━━ Data shown

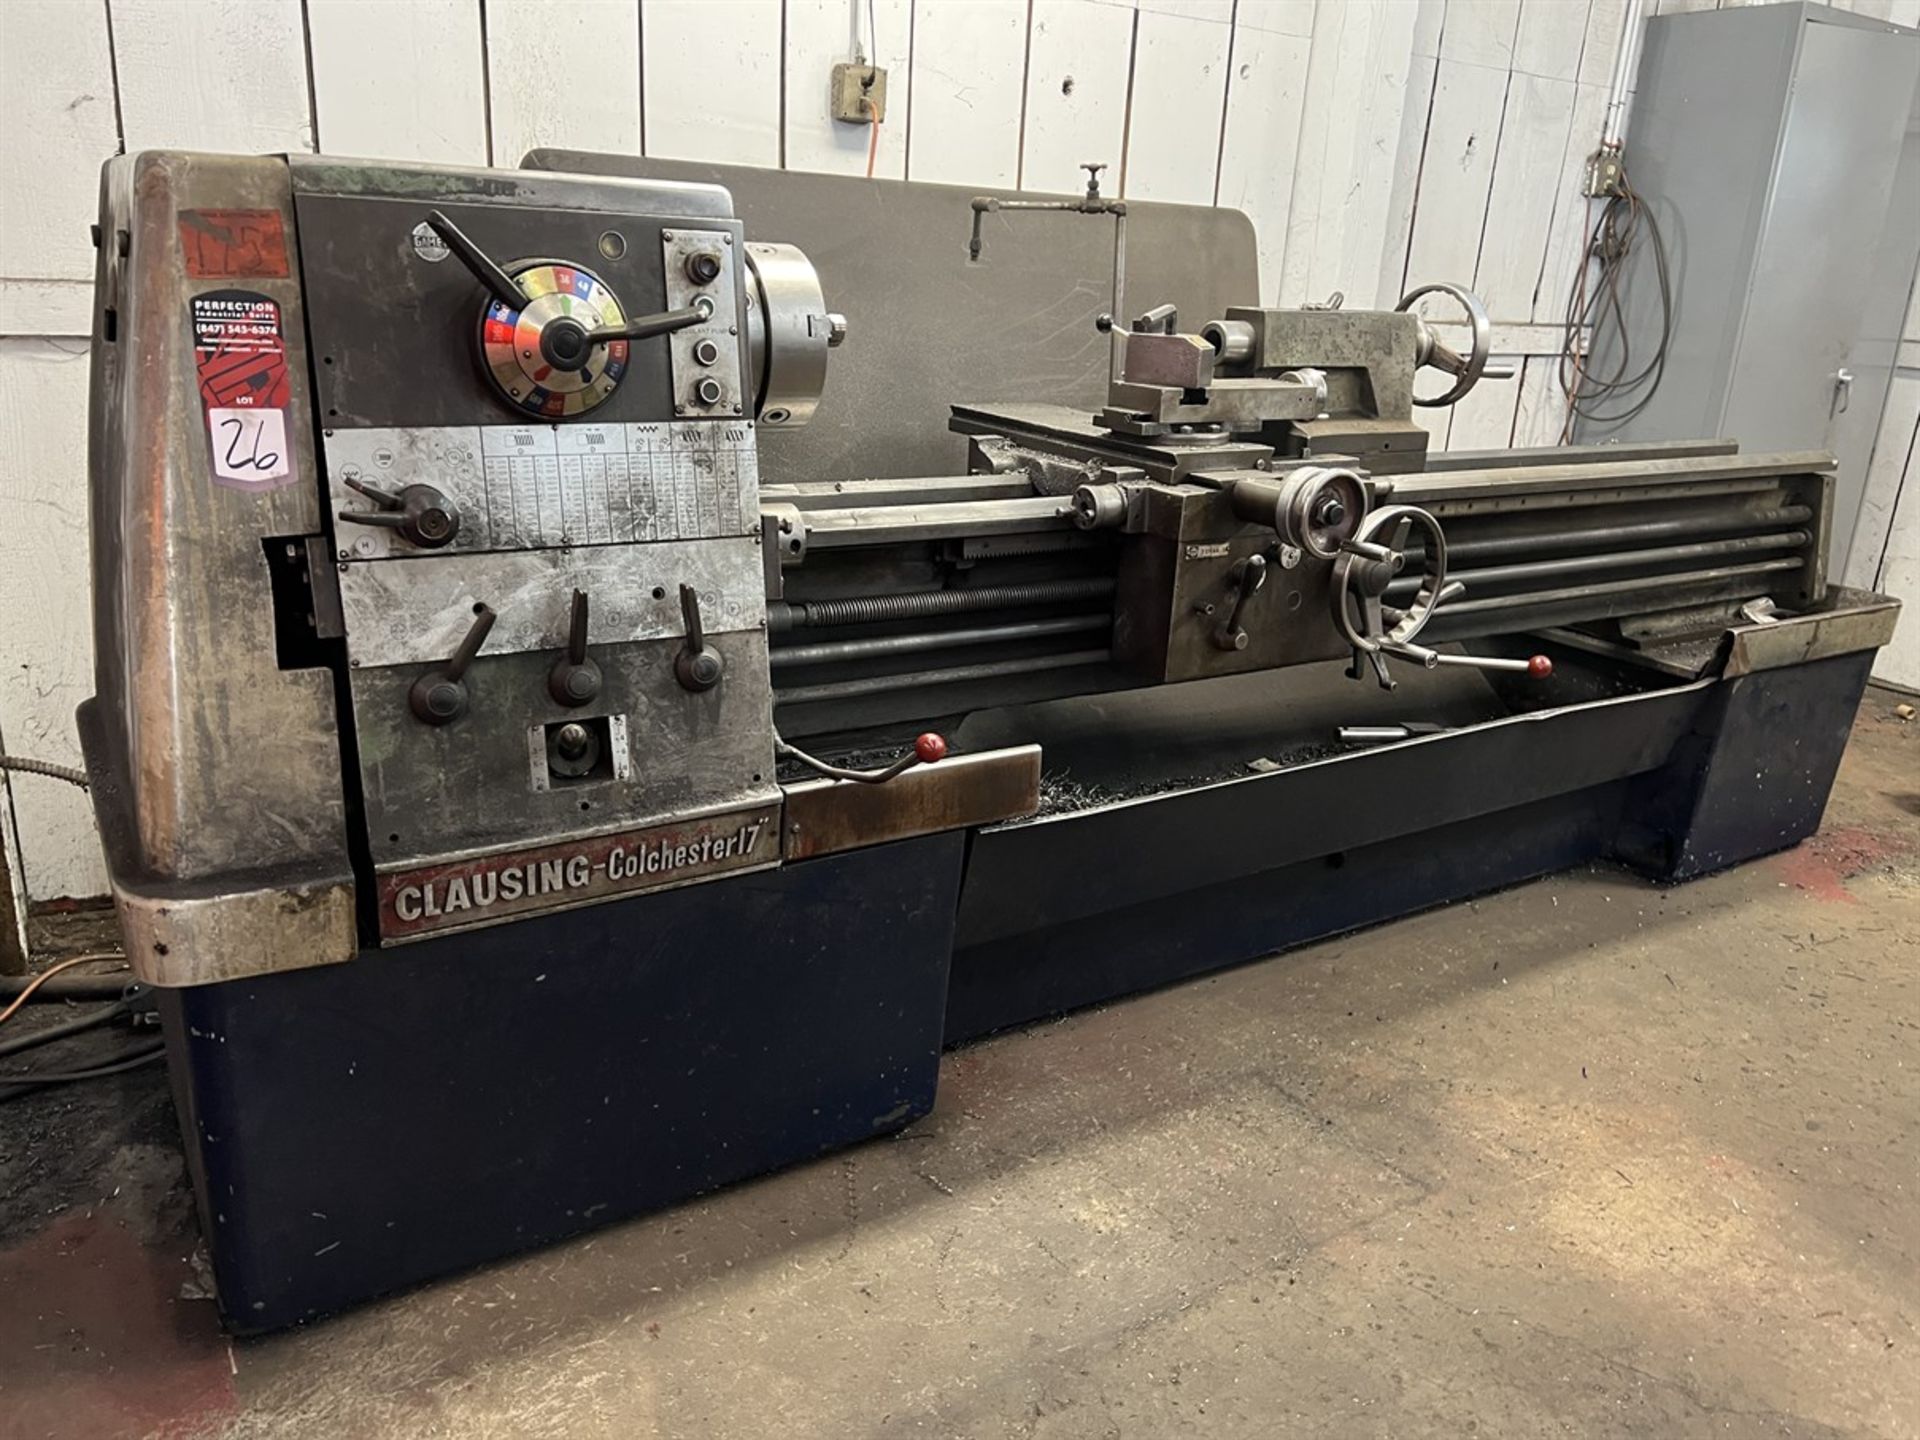 CLAUSING Colchester 17" Lathe, 17" Swing x 80" Between Centers, 10" 3-Jaw Chuck, 20-1600 RPM, Tool - Image 2 of 8
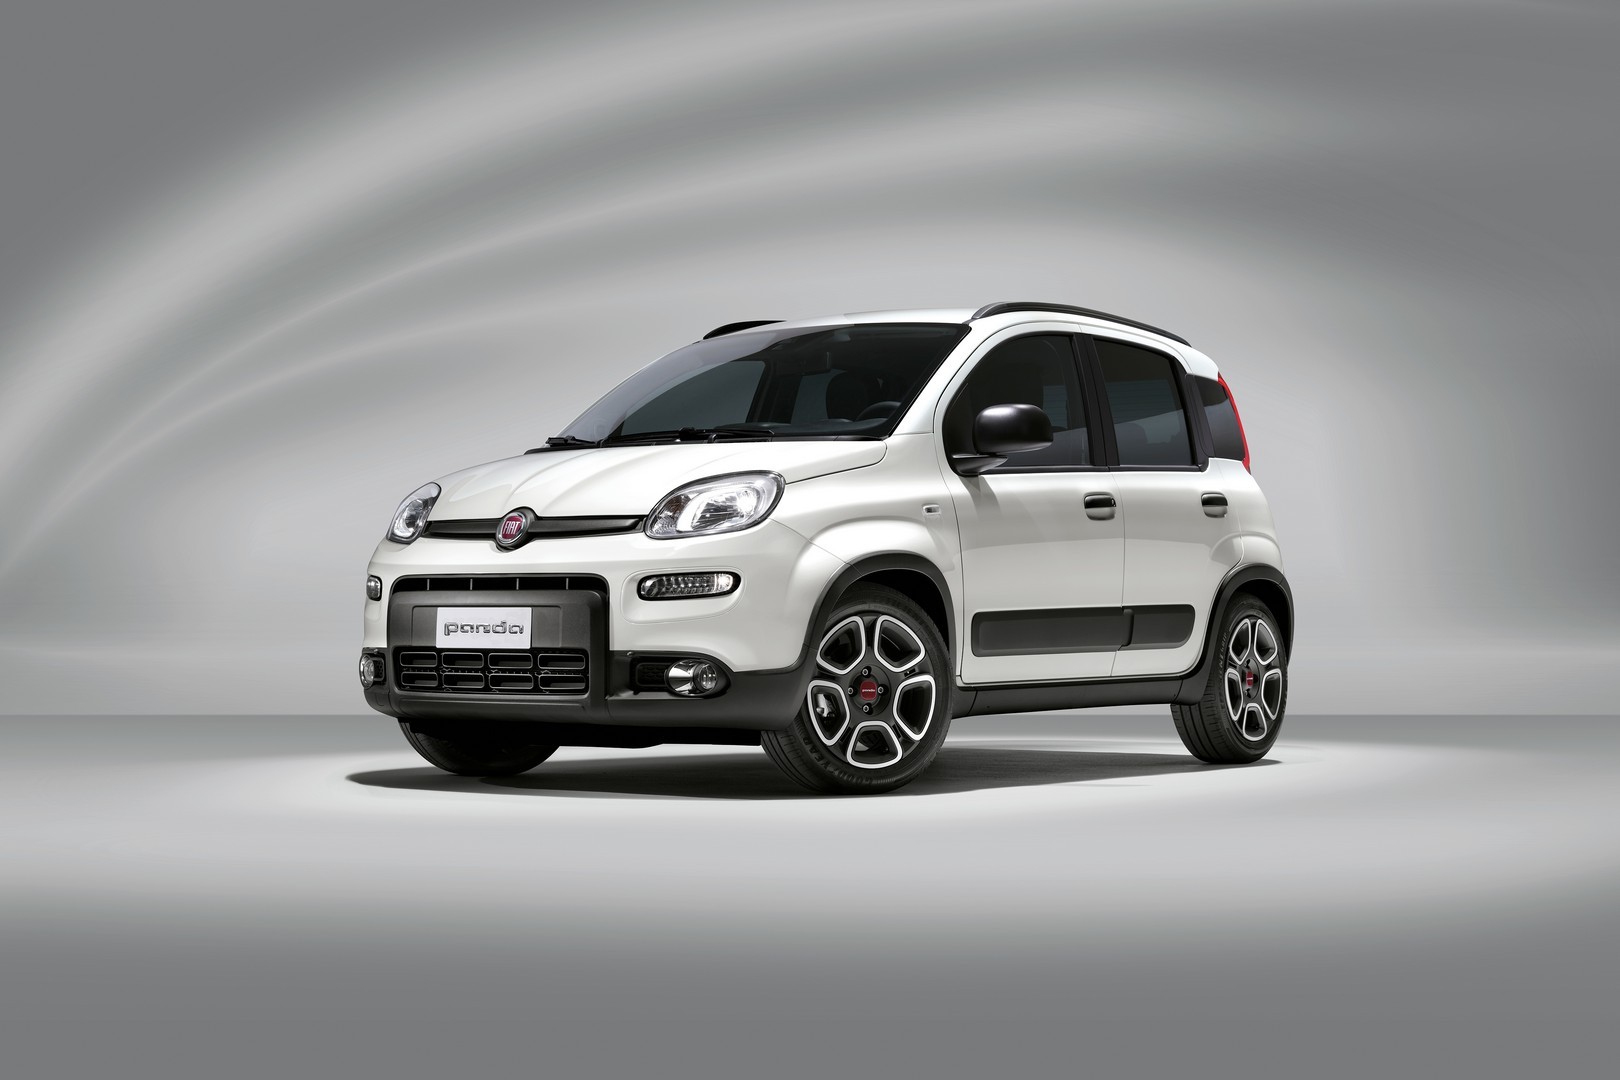 Fiat Panda Remains Accessible in the UK, Starting at Less Than
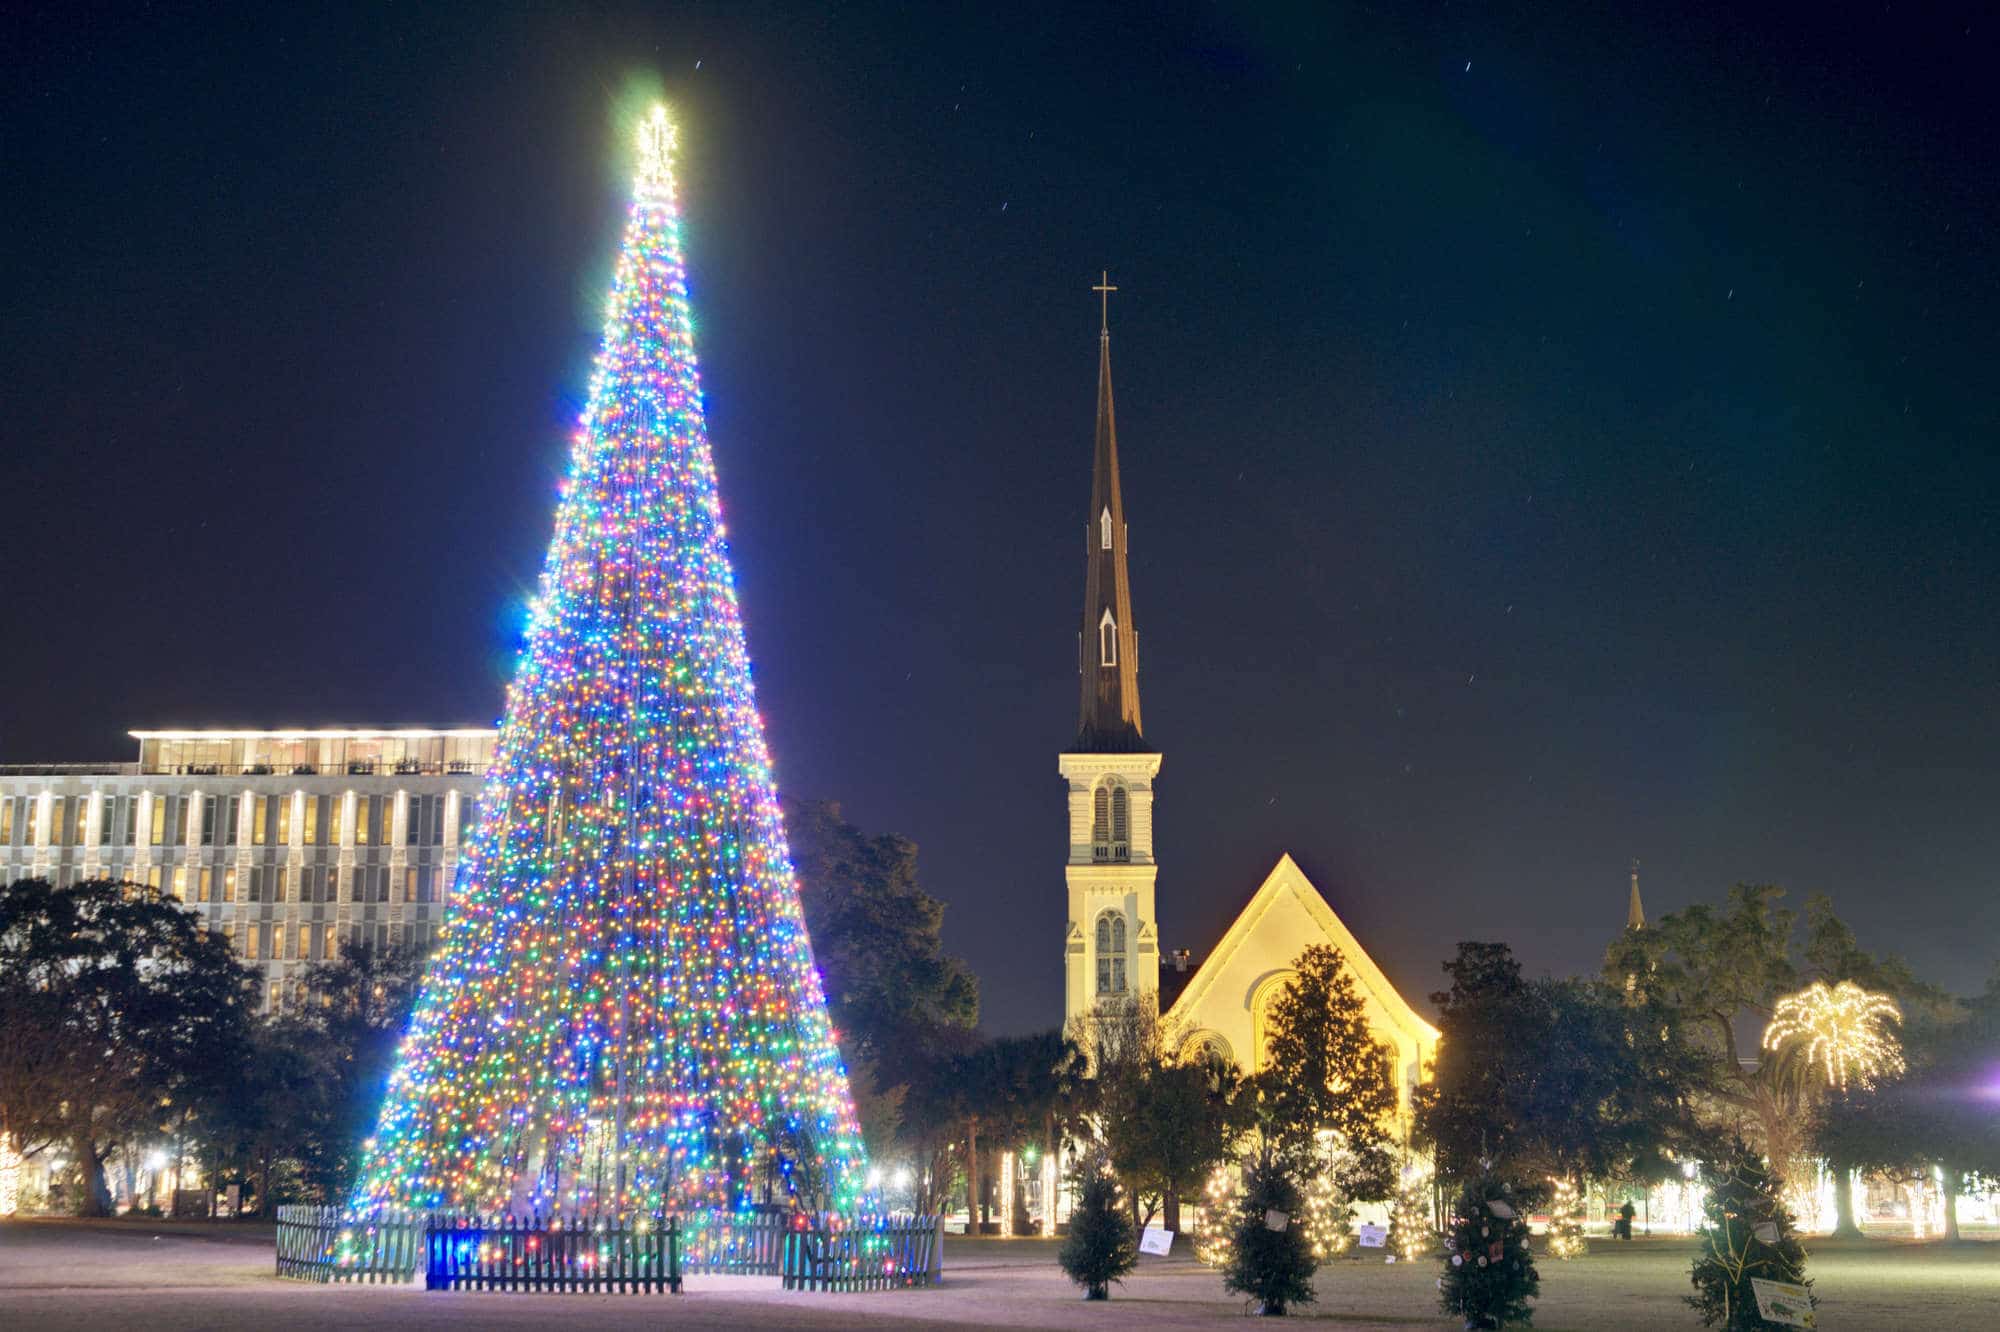 Strands of lights in a conical shape in the middle of Marion Square balance a nearby church's steeple in Charleston, South Carolina.

━━━━

Problem to work on ->
Leaving the pictures behind, return every line above exactly.

Solution to this task ->
 CLAUSING Colchester 17" Lathe, 17" Swing x 80" Between Centers, 10" 3-Jaw Chuck, 20-1600 RPM, Tool - Image 2 of 8
 Fiat Panda Remains Accessible in the UK, Starting at Less Than
 Strands of lights in a conical shape in the middle of Marion Square balance a nearby church's steeple in Charleston, South Carolina.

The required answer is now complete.